*** Begin section ***

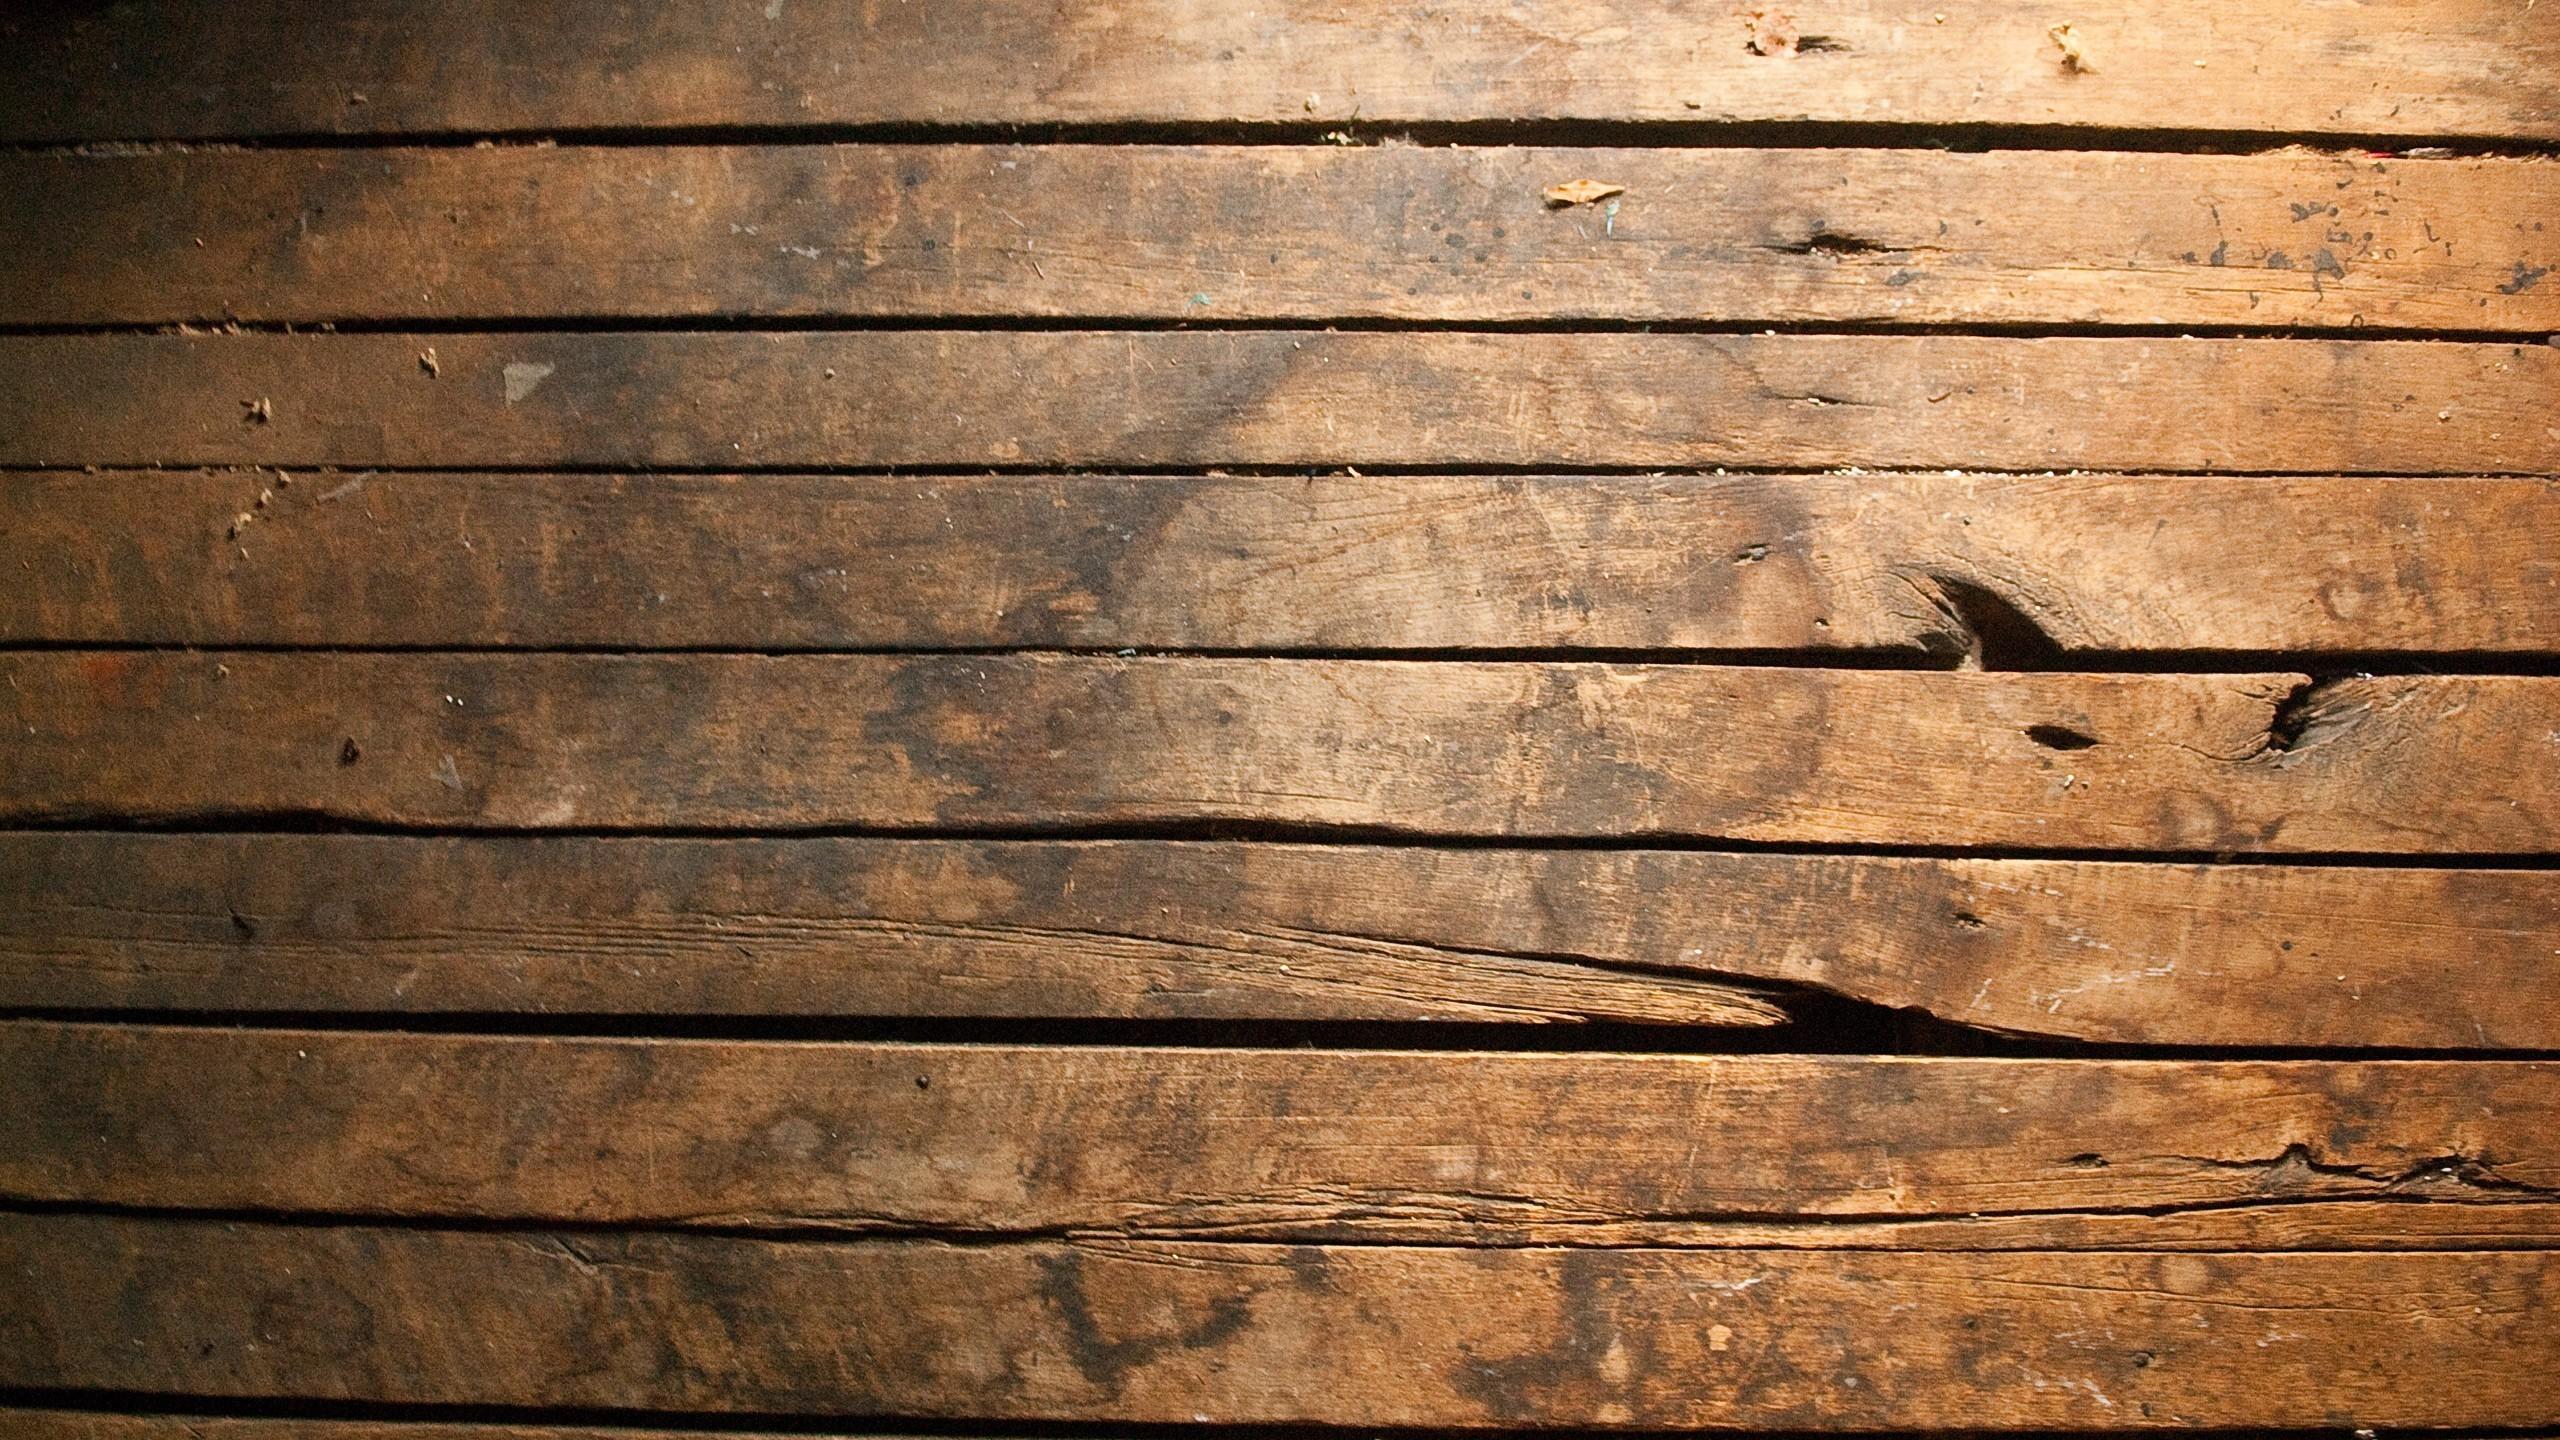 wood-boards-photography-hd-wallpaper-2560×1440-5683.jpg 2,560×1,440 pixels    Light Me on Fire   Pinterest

*** End section ***
*** Begin section ***

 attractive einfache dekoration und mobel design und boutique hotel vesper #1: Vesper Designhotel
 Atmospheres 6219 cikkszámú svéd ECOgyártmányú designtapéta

*** End section ***

■ Assignment ■
Your answer should consist only of the lines above between the line holding "attractive einfache dekoration" and the line holding "Atmospheres 6219 cikkszámú", inclusive, each transcribed exactly.

■ Task output ■
 attractive einfache dekoration und mobel design und boutique hotel vesper #1: Vesper Designhotel
 Atmospheres 6219 cikkszámú svéd ECOgyártmányú designtapéta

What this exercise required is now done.